* GIVEN DATA:

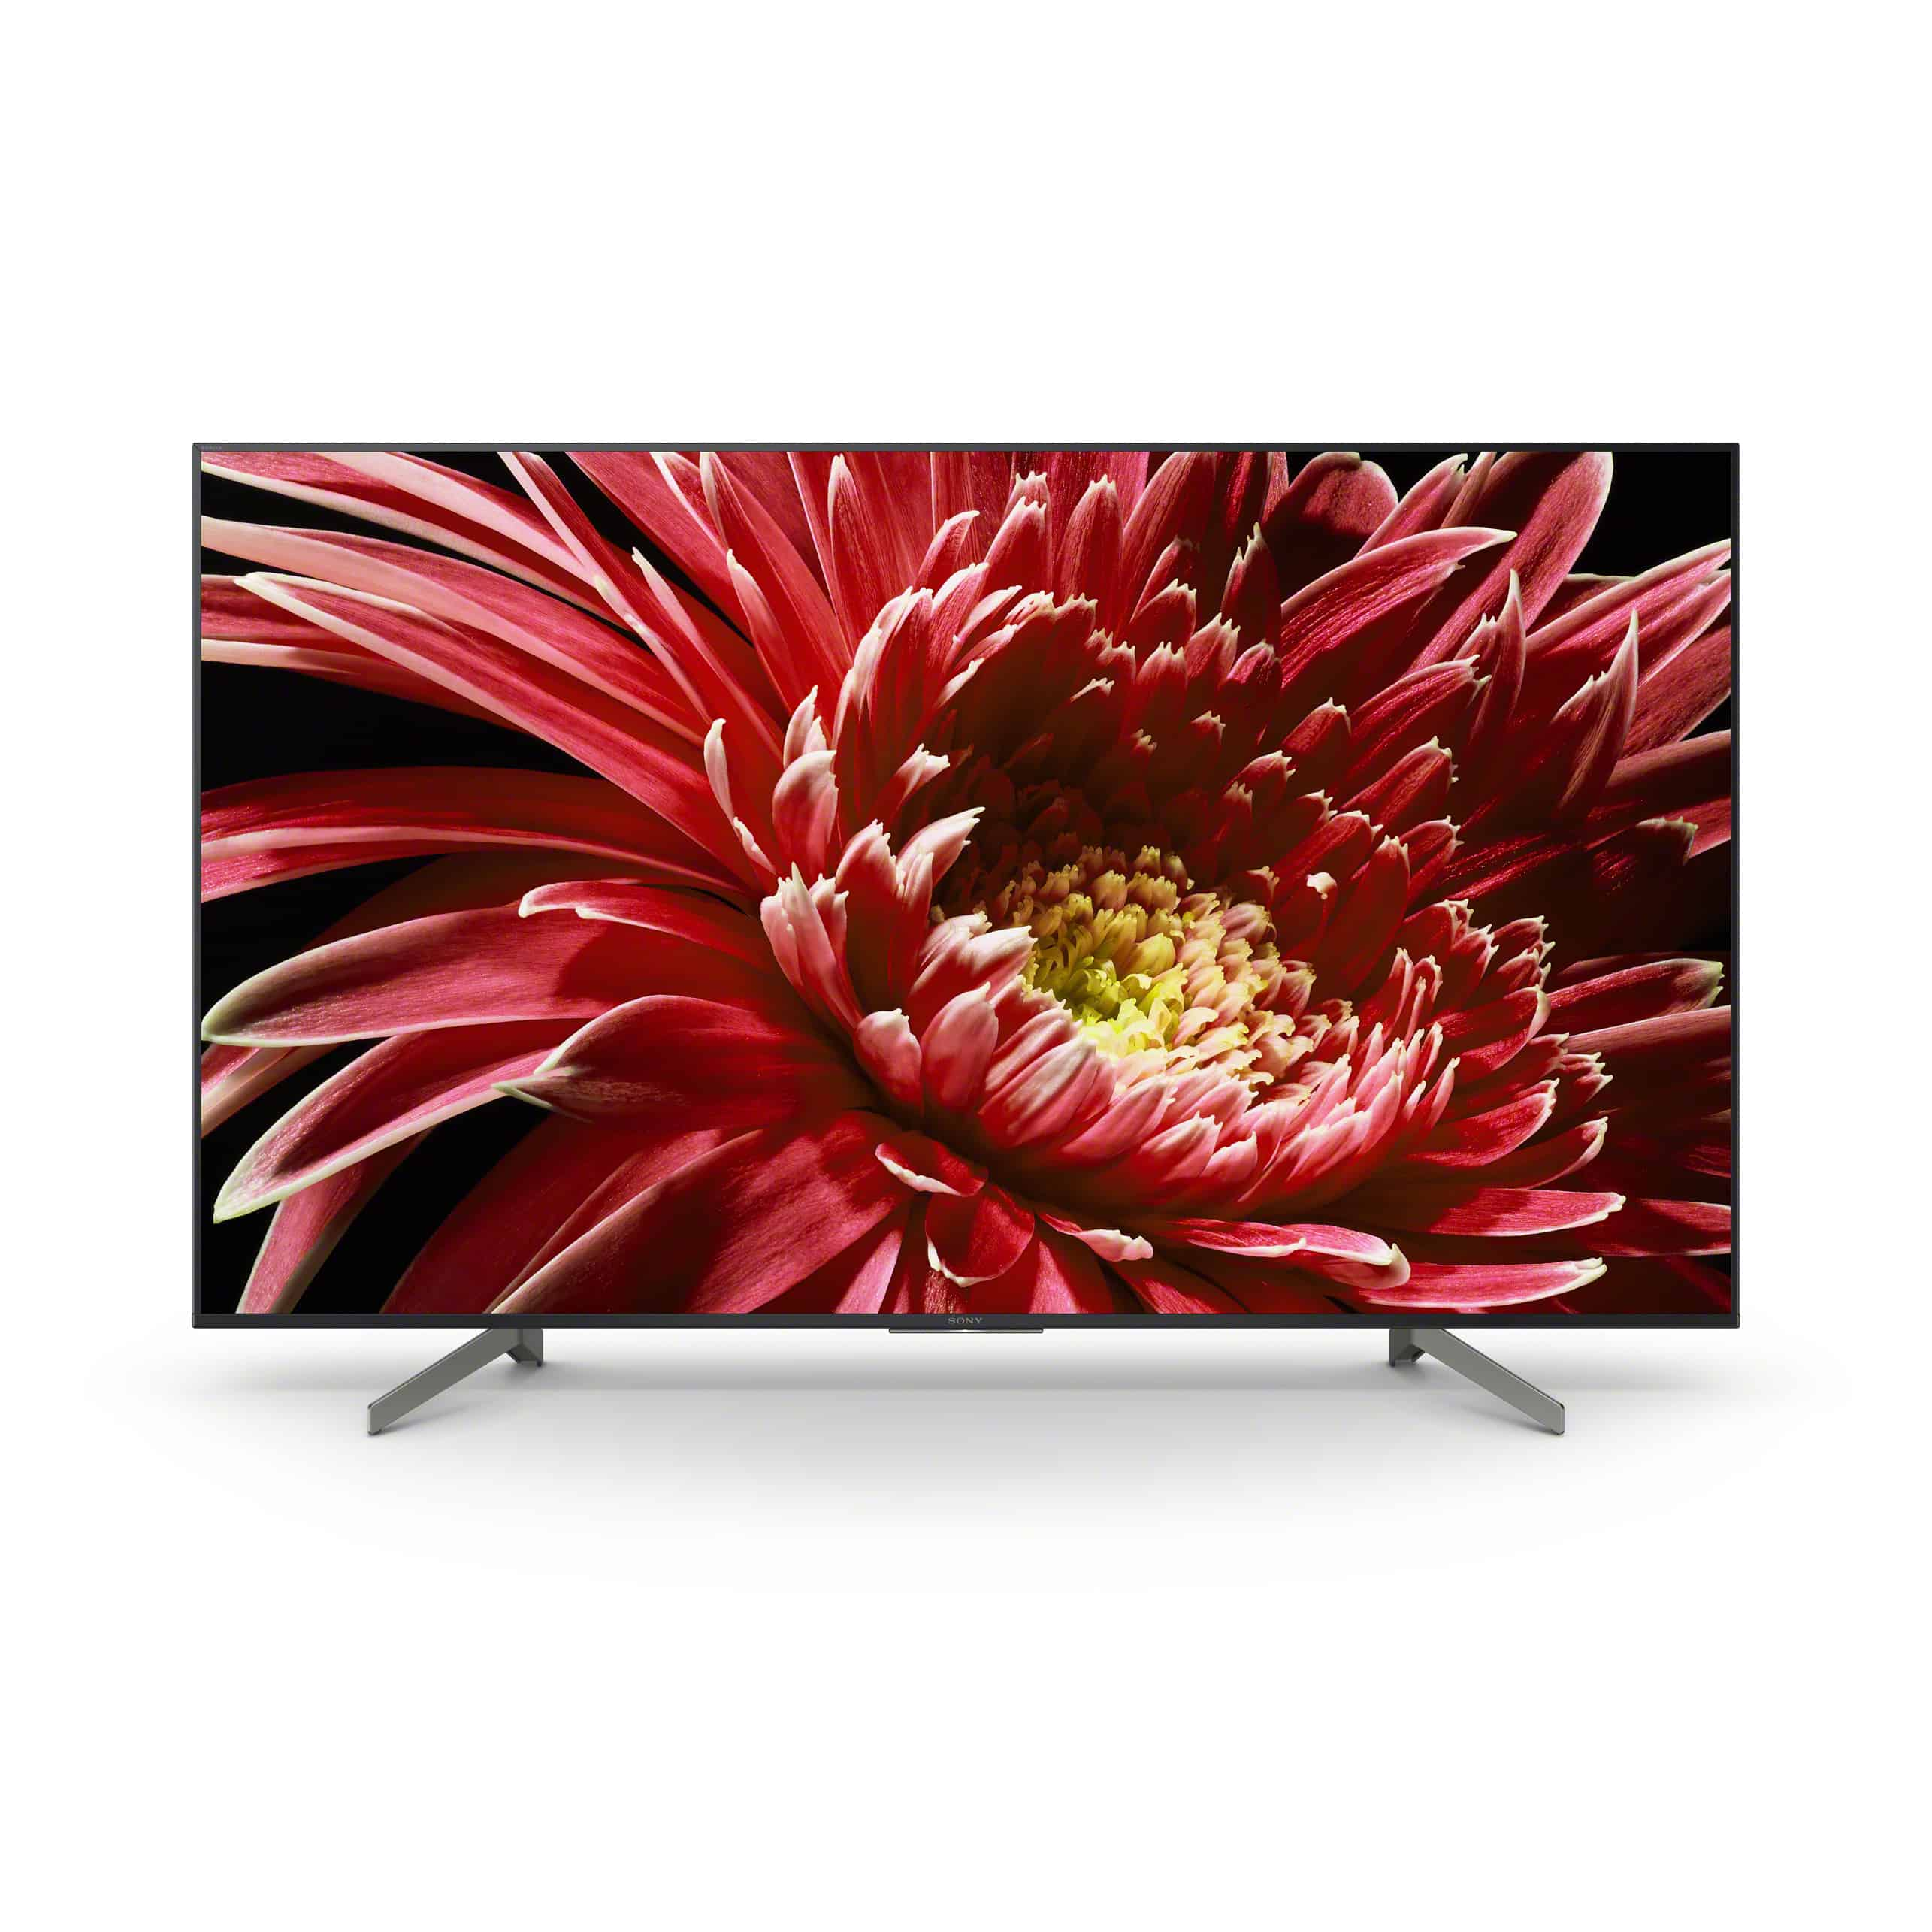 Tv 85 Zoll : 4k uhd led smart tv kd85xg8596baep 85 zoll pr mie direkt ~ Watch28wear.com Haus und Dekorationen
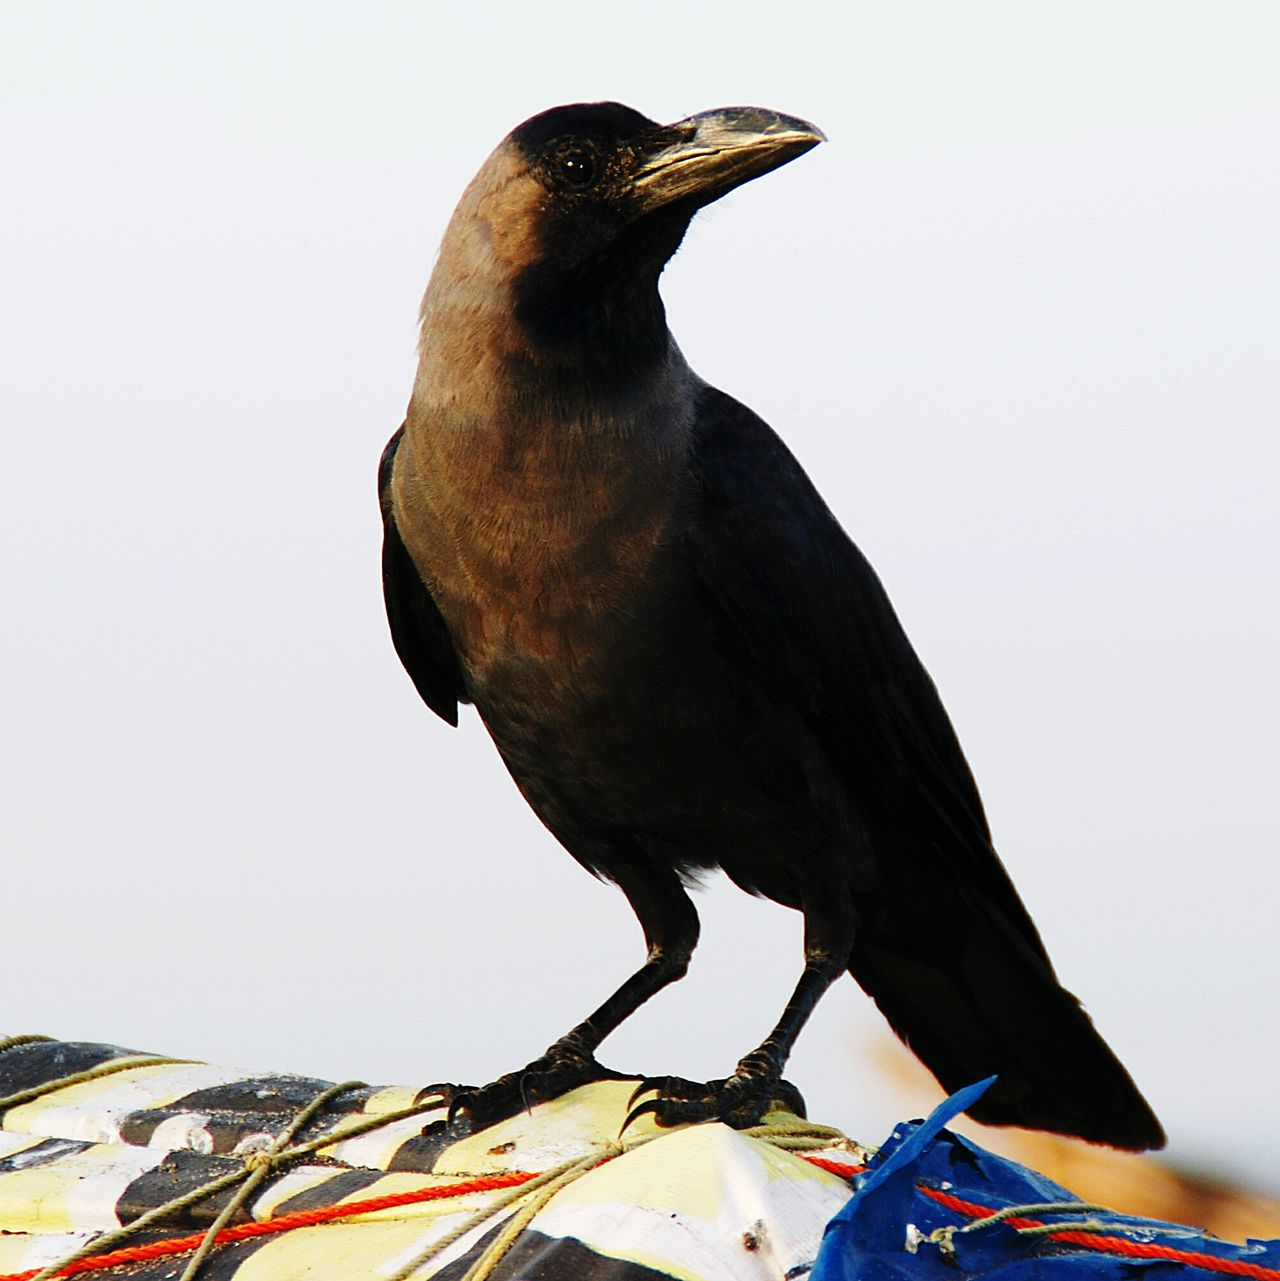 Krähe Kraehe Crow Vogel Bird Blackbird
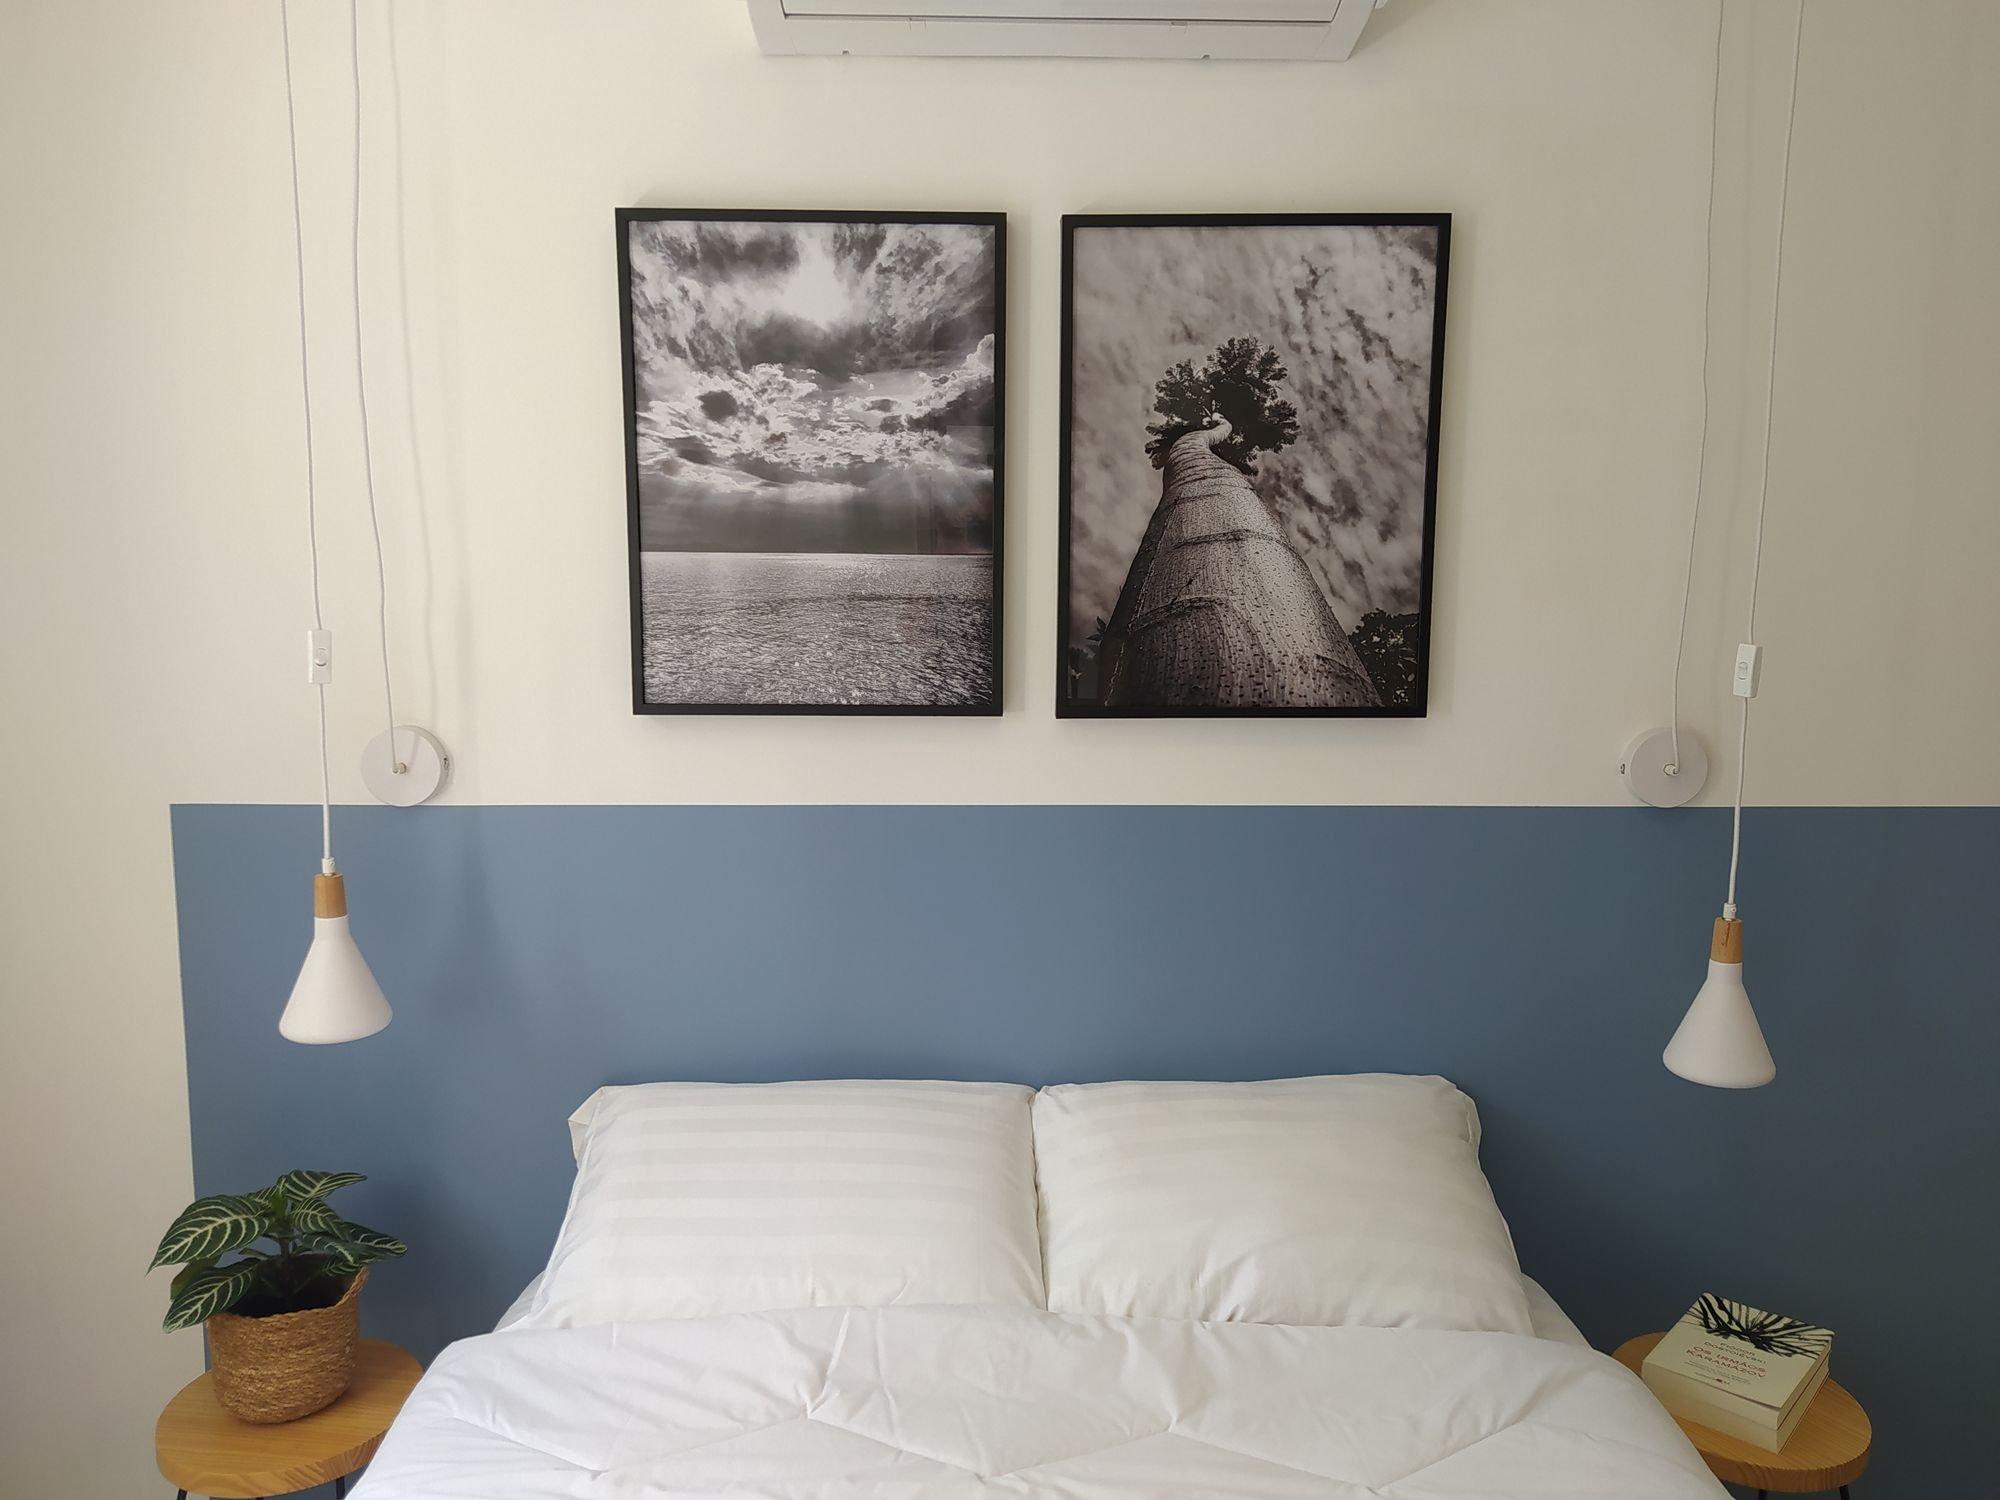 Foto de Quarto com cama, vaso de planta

* WHAT THE TASK ASKS: Reproduce the lines above exactly, please, but not the pictures in them.

* EXERCISE RESULT:
 Tv 85 Zoll : 4k uhd led smart tv kd85xg8596baep 85 zoll pr mie direkt ~ Watch28wear.com Haus und Dekorationen
 Krähe Kraehe Crow Vogel Bird Blackbird
 Foto de Quarto com cama, vaso de planta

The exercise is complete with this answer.